The 2006–07 season was considered the breakthrough season for Taylor. He scored his debut senior goal in a UEFA Cup tie against Celta de Vigo on 23 November 2006. The two sides were deadlocked at 1–1 before his header won the game. He earned the nickname "Forrest Gump" for celebrating by running the length of the pitch. He then scored his first league goal in a 3–1 victory against Blackburn Rovers on 9 December 2006, and began to play more regularly, making 12 starts for Newcastle in defence. Under Sam Allardyce, Taylor was in and out of the starting eleven and there were fears that he would leave after he had rejected the contract extension offered Nevertheless, in November 2007, he was voted the North East FWA Young Player of the Year for his achievements. With the installation of Kevin Keegan as Allardyce's successor, he won back his place and signed the contract at the end of the season.

After several months of first-team starts, an injury caused Taylor lose his place to Sébastien Bassong, who formed an impressive partnership with Fabricio Coloccini.

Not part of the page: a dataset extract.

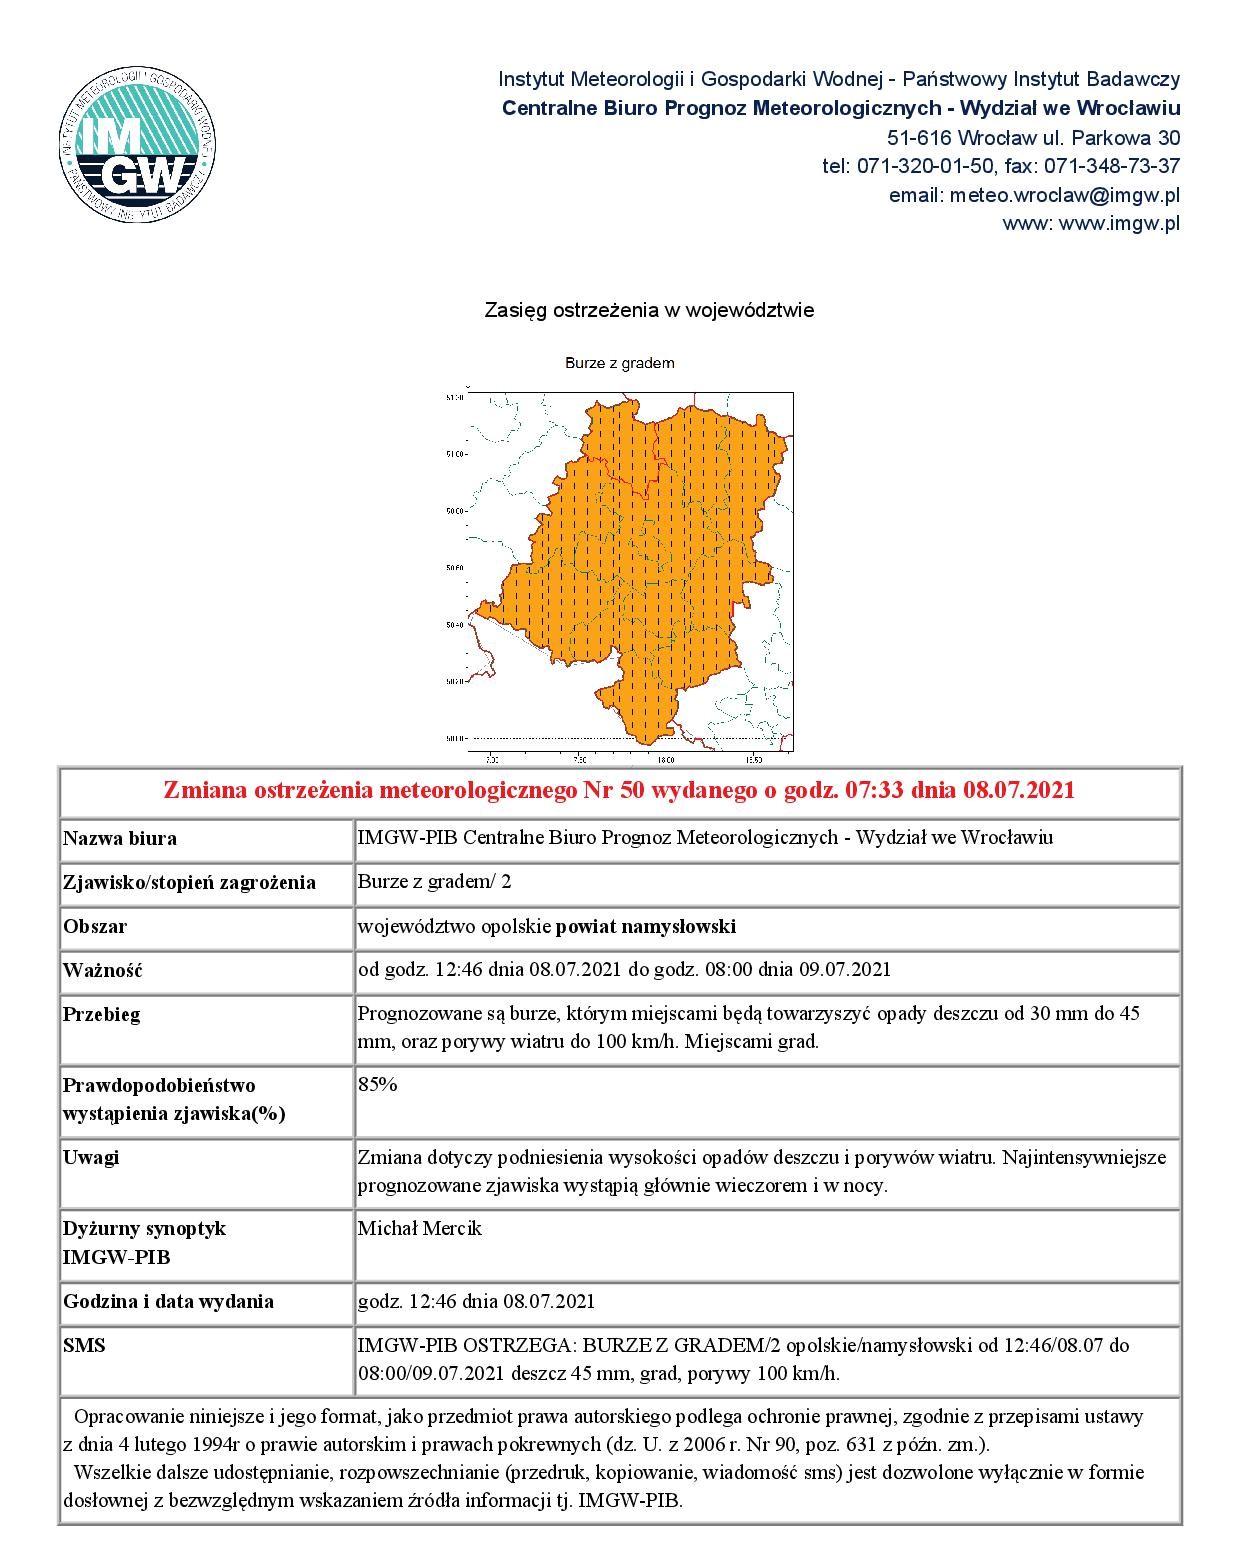 Ostrzezenie - powiat namyslowski 20210708.jpeg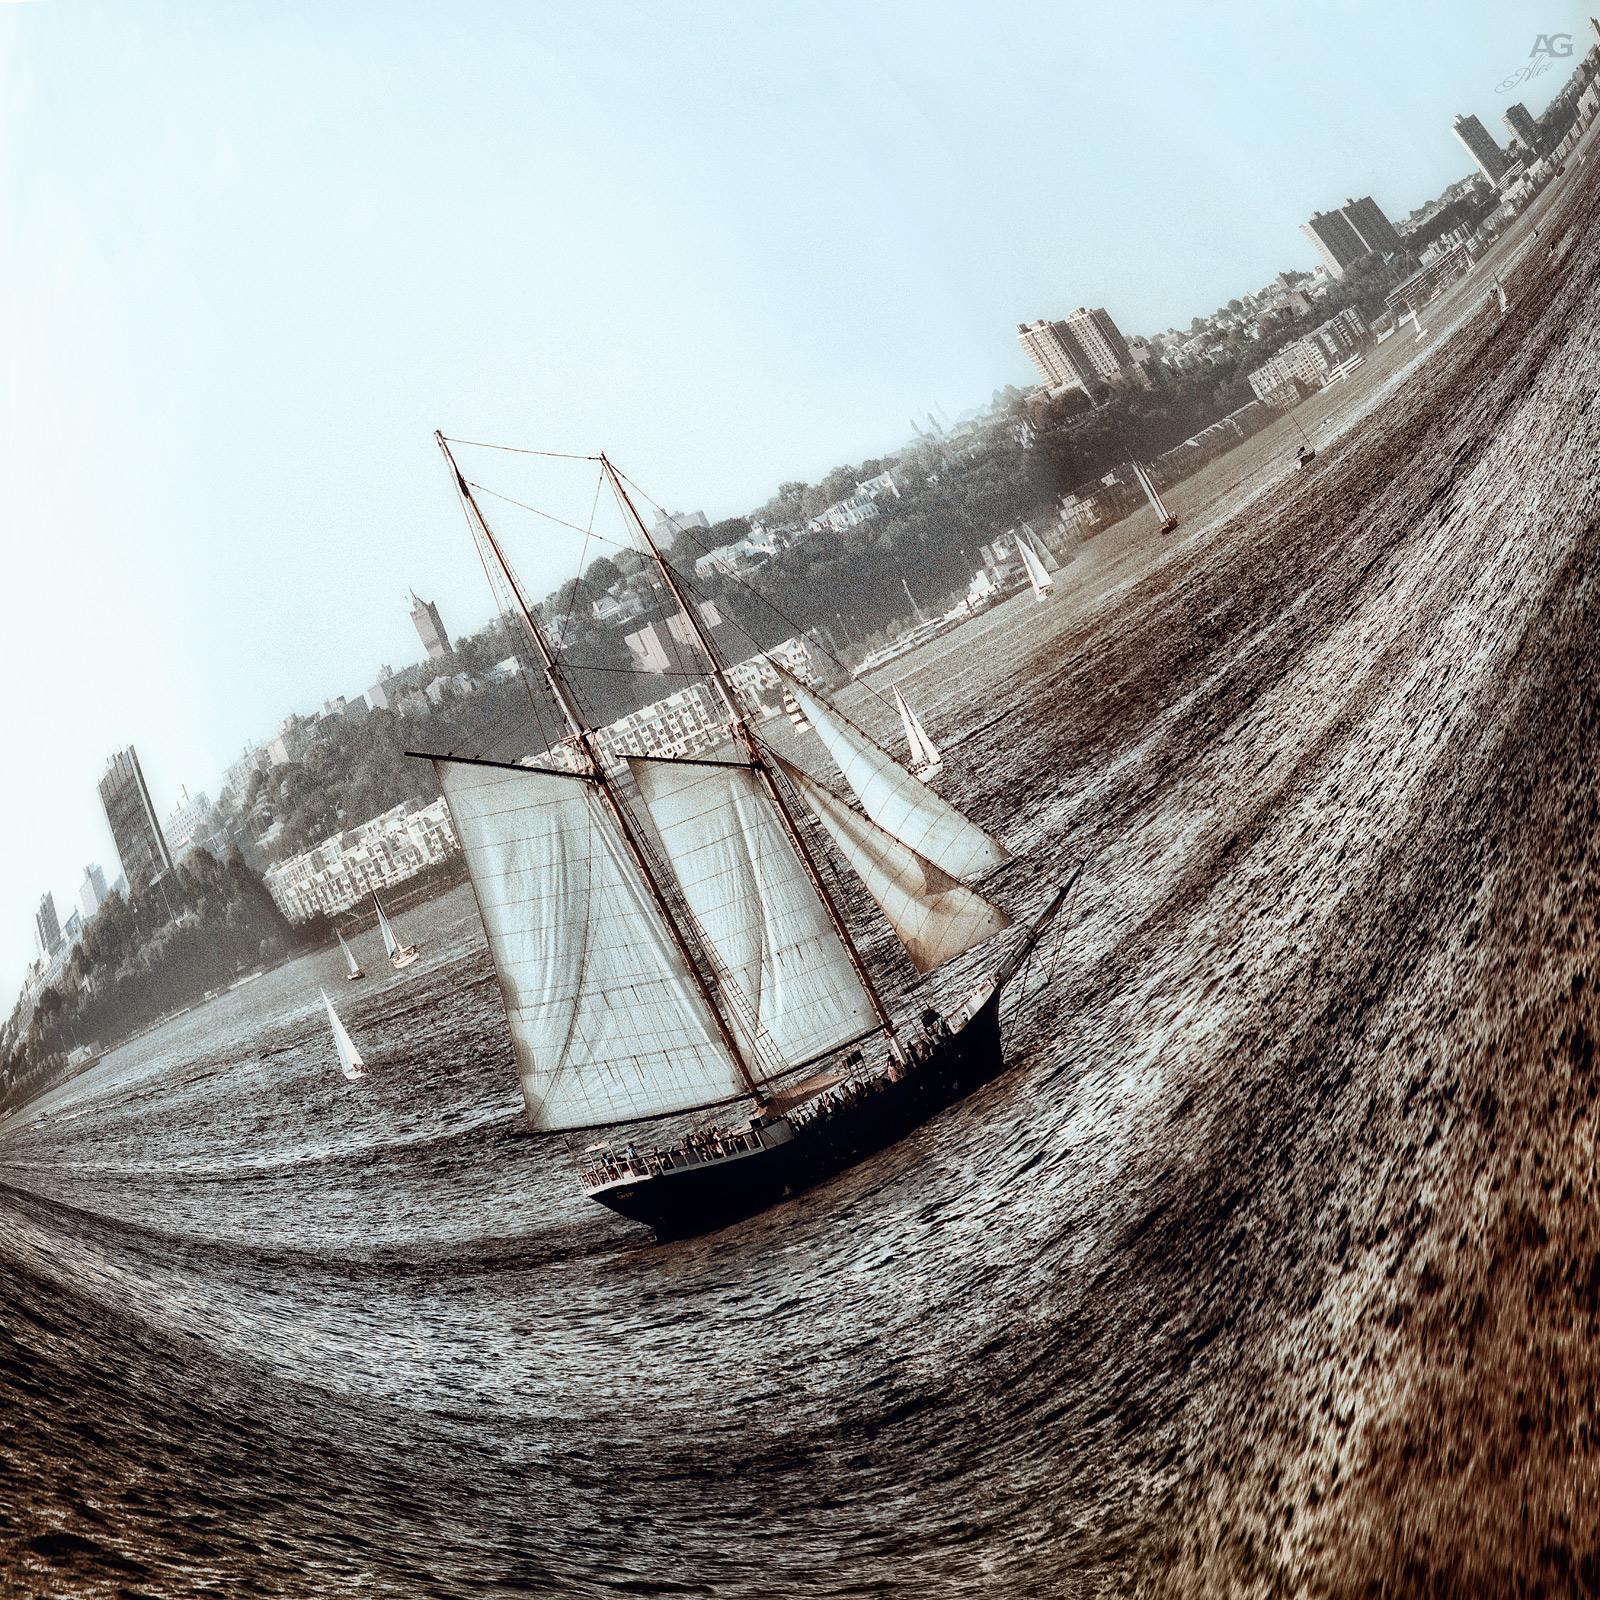 SailboatoNhUDSONfROMgoVERNORSiSLANDTallShip_warped_1600

He put some strong performances in vital matches, including scoring a goal and setting up another to earn a hard-fought draw away at Everton, and was back into the team, mostly at right-back due to injury problems. On 24 May 2009, he notched up his 150th appearance for the club in the ultimate game of the 2008–09 season, a loss against Aston Villa. Despite his strong performances, his season ended on a low note as Newcastle were relegated after failing to defeat Villa and an injury forced him to miss the U21 European Championships taking place in June. He came in second in The Journals player of the season poll, behind Bassong.

With Newcastle relegated, there were question marks over Taylor's future. Rumours began circulating in newspapers about a possible move back to the Premier League, including a possible replacement for Chelsea captain John Terry who was attracting strong interest from Manchester City and Everton rumoured to be interested as well. Taylor himself made no move to secure a transfer request and made no comment until the transfer window closed. In the end, he announced his decision to stay in a bid to help Newcastle regain Premier League status even though it meant that he would have to put his dreams of a senior international debut on hold.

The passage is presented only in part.